A few miles to the east, Julie Crow talked to American Red Cross workers and sifted through the remains of the home she shared with her brother, Shane Allison, on County Road 803, between Ider and Cartersville, Ala.
Crow's adult daughter, Amanda McElrath, was asleep in a bedroom at the home.
Crow works the night shift at a Bridgeport, Ala., medical facility and had no idea the storms had hit her home until her oldest daughter called and said, "Mom, I got Uncle Shane out."
"I said, 'What are you talking about?' and she said, 'Our house is gone. It's not there anymore. It's gone. The storm got it.'" Crow said.
A shattered Crow headed home immediately, following ambulances and patrol cars into her neighborhood, where she found her daughter and brother.
"My daughter said she woke up from him calling for help. She said it was pitch black dark and she doesn't know how she got to him or what had covered him, but she uncovered him and pulled him out and they got in a vehicle and went up to my aunt's," Crow said.
Crow found her brother bleeding from the head, wet and shivering from the cold. Her brother ended up with two spinal fractures, torn tendons in his left arm, 10 staples in his head and 11 staples in his leg, and some other sutures on his legs.

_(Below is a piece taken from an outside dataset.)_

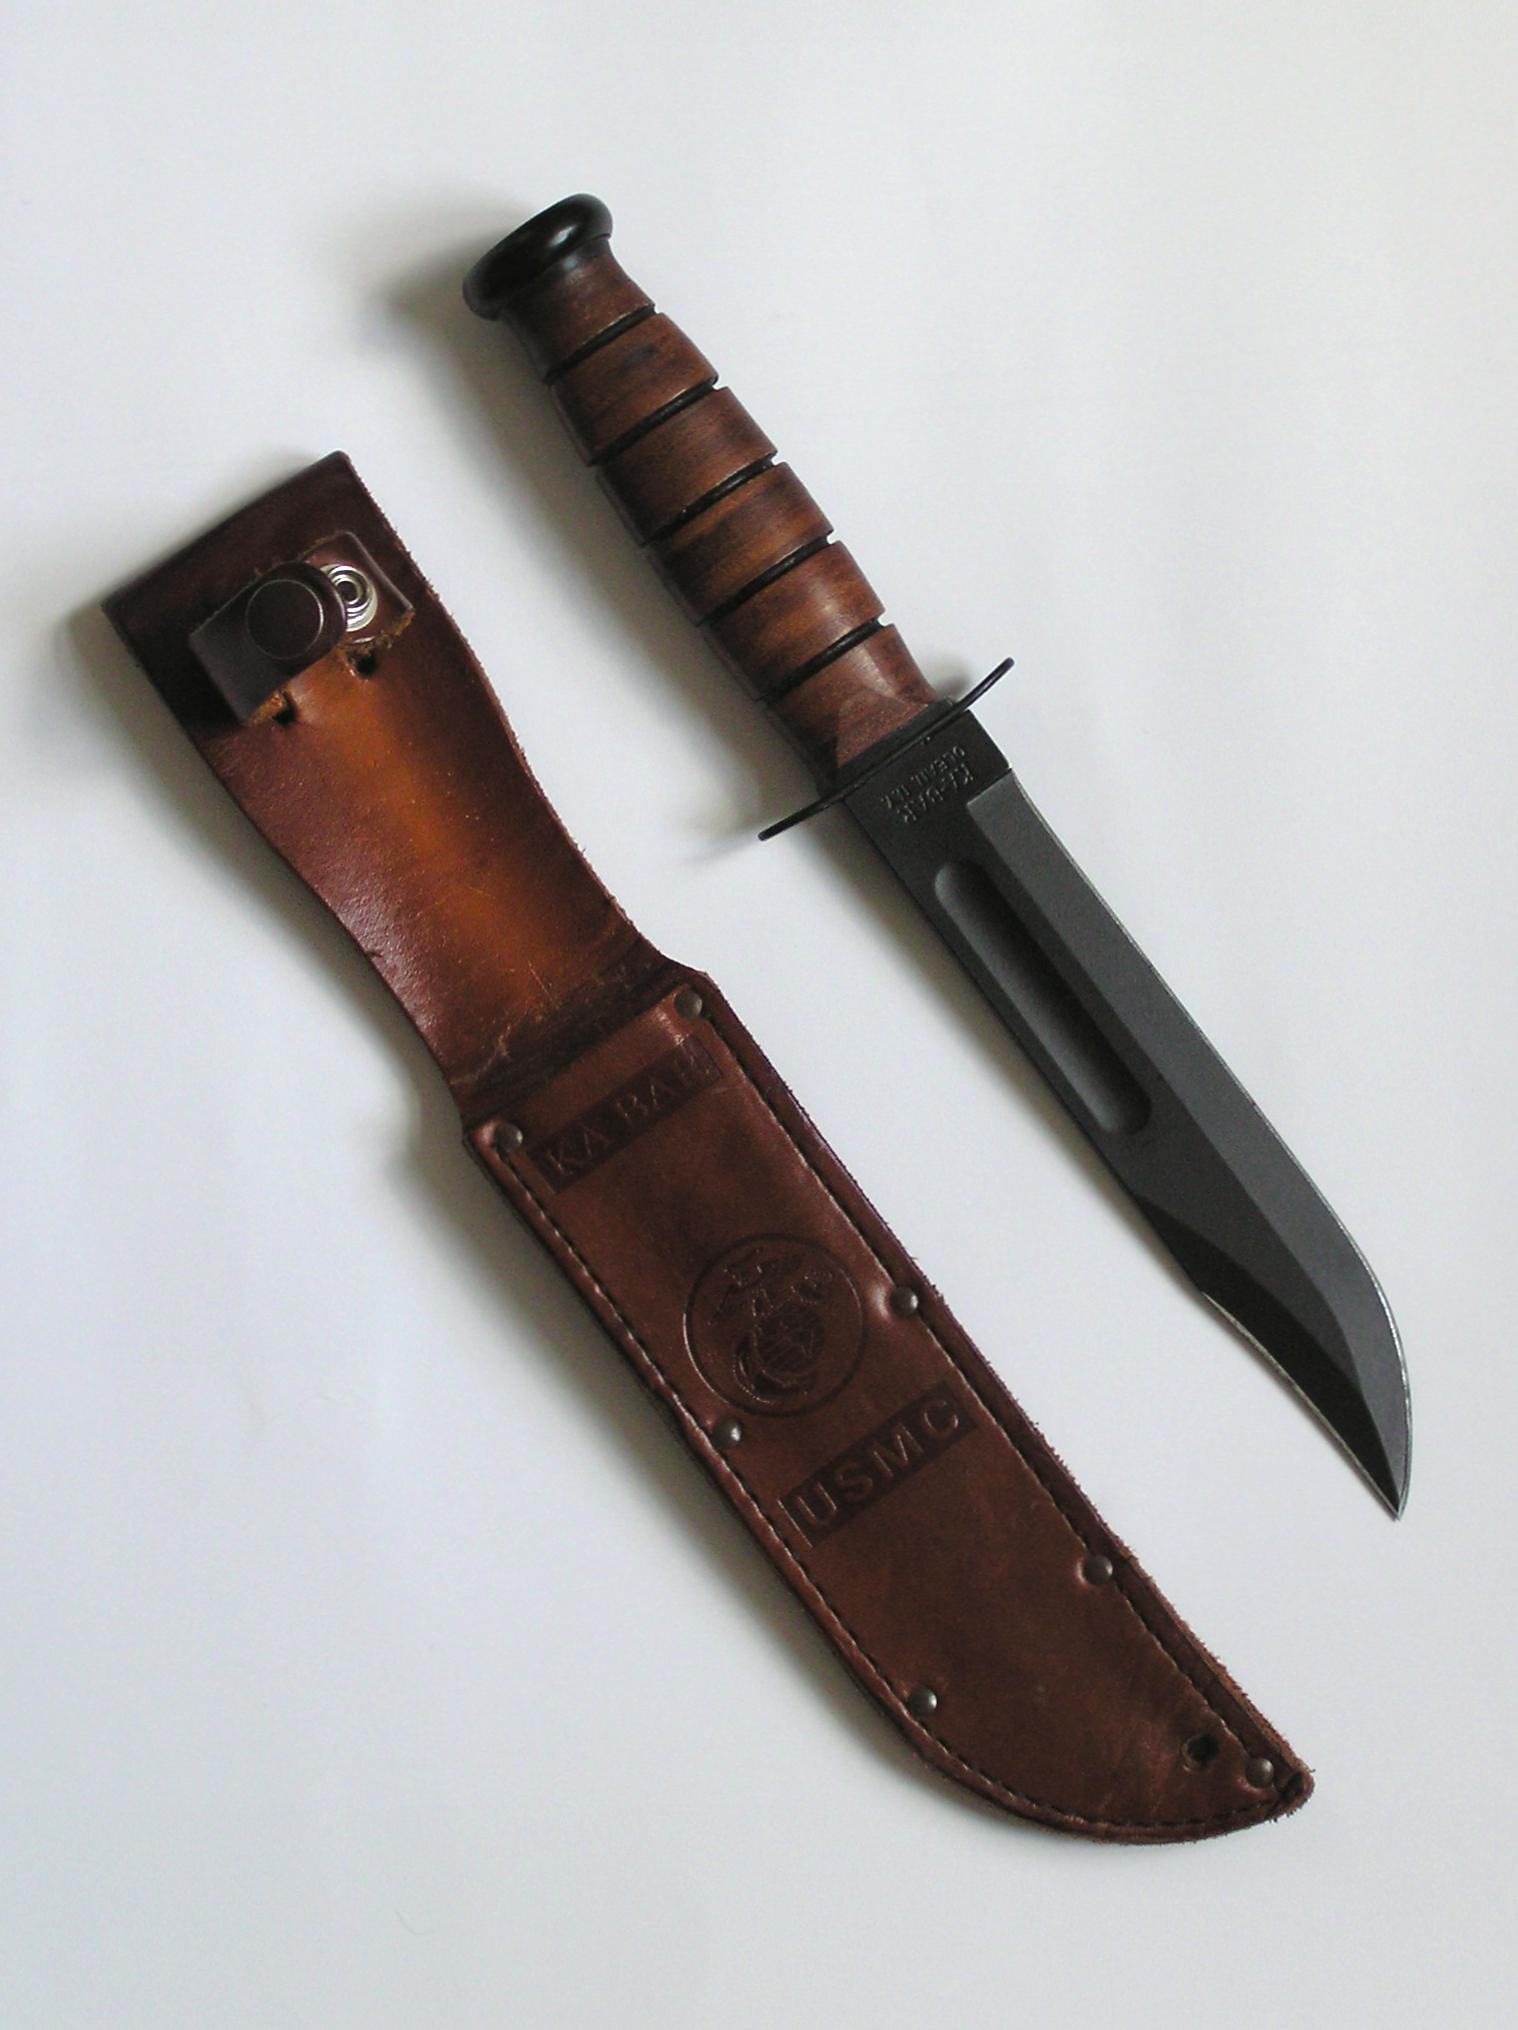 Ka bar good survival knife

"He said he had gotten up and he heard something and started toward the front door. And heard 'the train,' you know, and he tried to turn around. He remembered the front door blowing in on him," she said.
As she talked, other family members rummaged through the pulverized home for clothes and significant items.
One family member waved to Crow with a triangular shape in his hand, the military flag that draped her grandfather's casket.
Davis P.H. Weldon had served in the Korean War, she said, as another family member walked past with a baby portrait of himself he found in the debris.
As she took the flag, emotion welled up in her eyes, but she quickly focused on the task at hand and was fast back at work.
Folks in the rural community are no strangers to tornadoes or hardship, and fighting back comes naturally. The communities on Sand Mountain have endured tornadoes for decades.
Jackson County EMA director Mike Ashburn said late Wednesday a total of 66 structures were damaged or destroyed, including two churches, a fellowship hall and numerous homes and businesses in the relatively short distance between Rosalie and the DeKalb County line.
DeKalb County EMA director Anthony Clifton said the storm destroyed 34 structures as it entered and plowed across his county, including a church, 11 homes, nine mobile homes, 20 barns and sheds and 14 poultry houses. Many other structures were damaged and are still being accounted for, he said.